You can see the logs for your application by running this command:

$ heroku logs -a obscure-sierra-7788

Note that if you are using Git, you can omit the -a option above as the app
name will be detected from the Git remote that was added to your config when you
ran heroku create.

§Connecting to a database

Heroku provides a number of relational and NoSQL databases through Heroku Add-ons. Play applications on Heroku are automatically provisioned with a Heroku Postgres database. To configure your Play application to use the Heroku Postgres database, first add the PostgreSQL JDBC driver to your application dependencies (build.sbt):

libraryDependencies += "org.postgresql" % "postgresql" % "9.4-1201-jdbc41"

Then create a new file in your project’s root directory named Procfile (with a capital “P”) that contains the following (substituting the myapp with your project’s name):

web: target/universal/stage/bin/myapp -Dhttp.port=${PORT} -Dplay.evolutions.db.default.autoApply=true -Ddb.default.driver=org.postgresql.Driver -Ddb.default.url=${DATABASE_URL}

This instructs Heroku that for the process named web it will run Play and override the play.evolutions.db.default.autoApply, db.default.driver, and db.default.url configuration parameters.

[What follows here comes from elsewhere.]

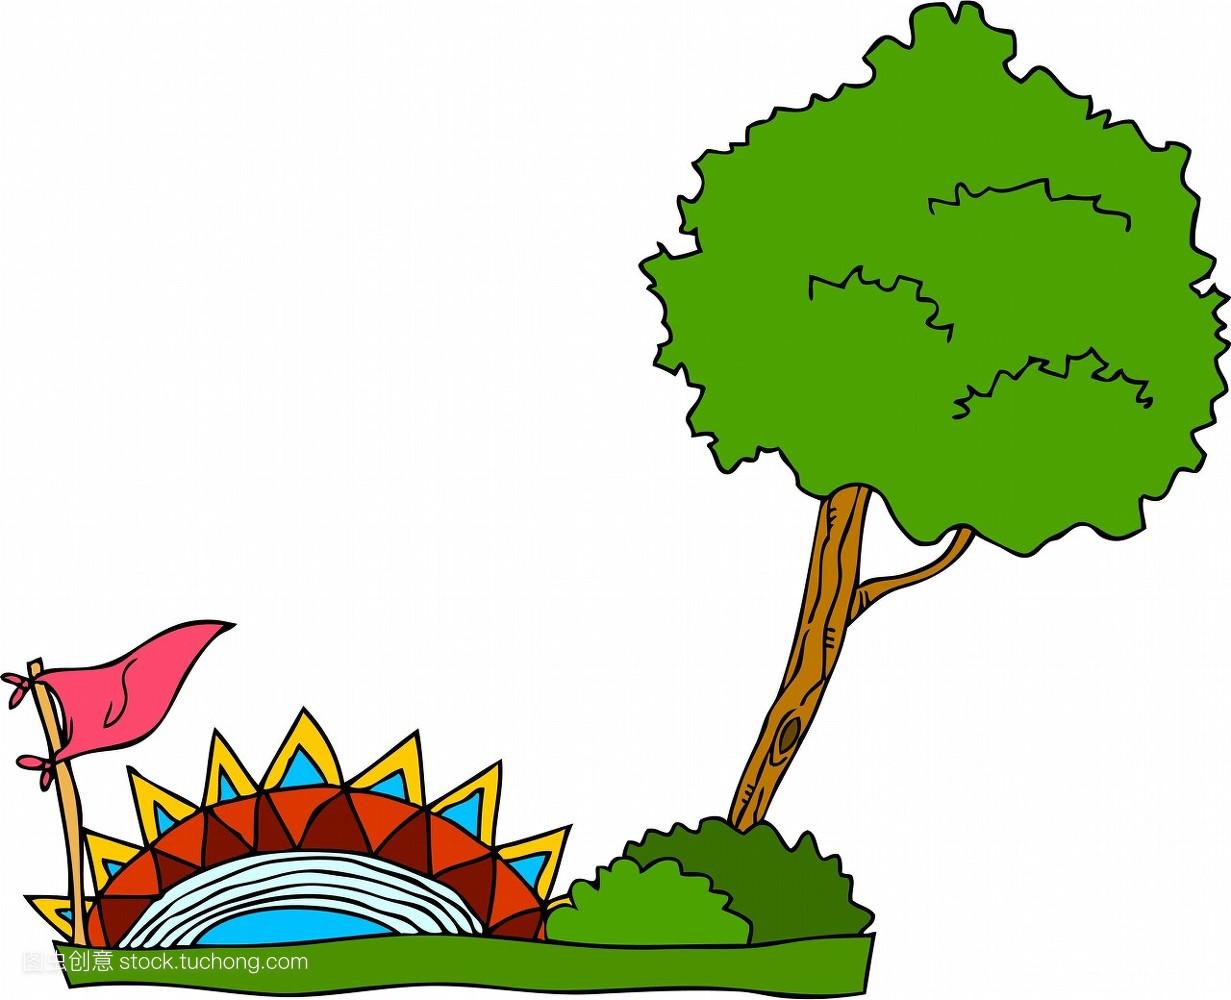 灌木,图标,剪贴画,旗帜,树,桥梁,插画,布什,矢量图,植物,日光图片
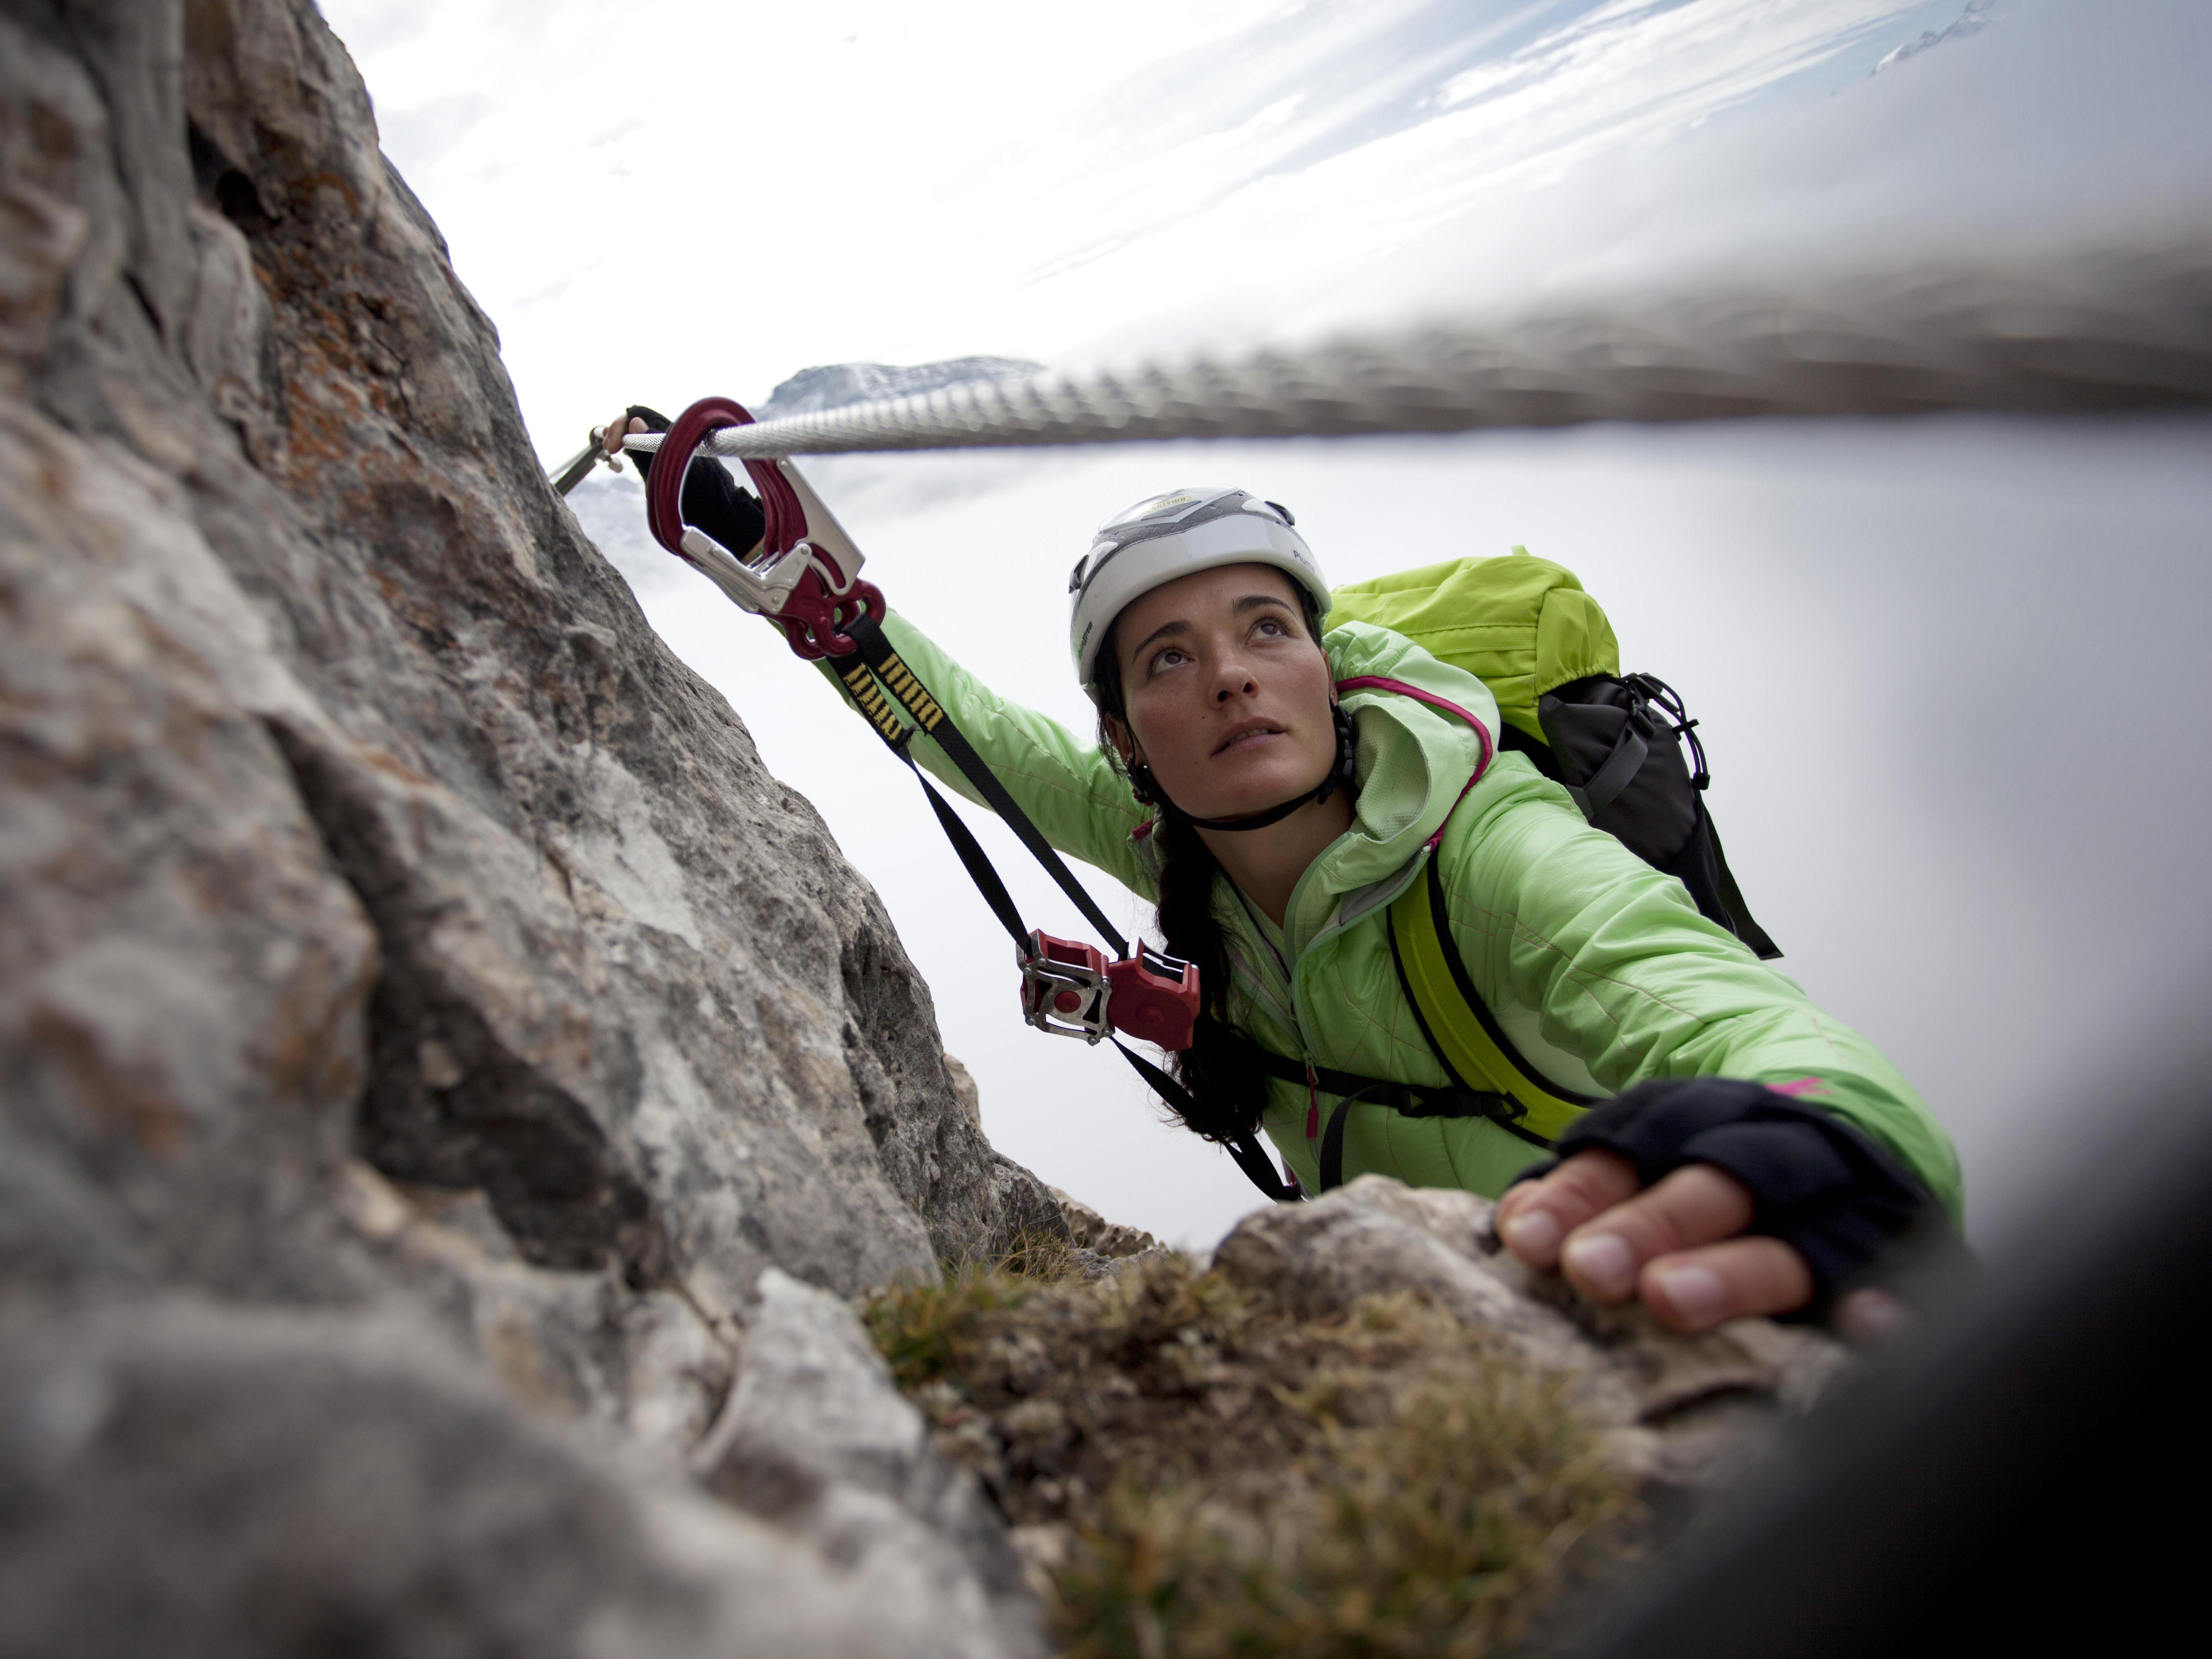 Klettersteig Englisch : Update klettersteig alpenverein

Note that the Procfile command can be maximum 255 characters long. Alternatively, use the -Dconfig.resource= or -Dconfig.file= mentioned in production configuration page.

Also, be aware the DATABASE_URL is in the platform independent format:

vendor://username:password@host:port/db

Play will automatically convert this into a JDBC URL for you if you are using one of the built in database connection pools. But other database libraries and frameworks, such as Slick or Hibernate, may not support this format natively.
If that’s the case, you may try using the dynamic JDBC_DATABASE_URL in place of DATABASE_URL in the configuration like this:

db.default.url=${?JDBC_DATABASE_URL}
db.default.username=${?JDBC_DATABASE_USERNAME}
db.default.password=${?JDBC_DATABASE_PASSWORD}

Note that the creation of a Procfile is not actually required by Heroku, as Heroku will look in your Play application’s conf directory for an application.conf file in order to determine that it is a Play application.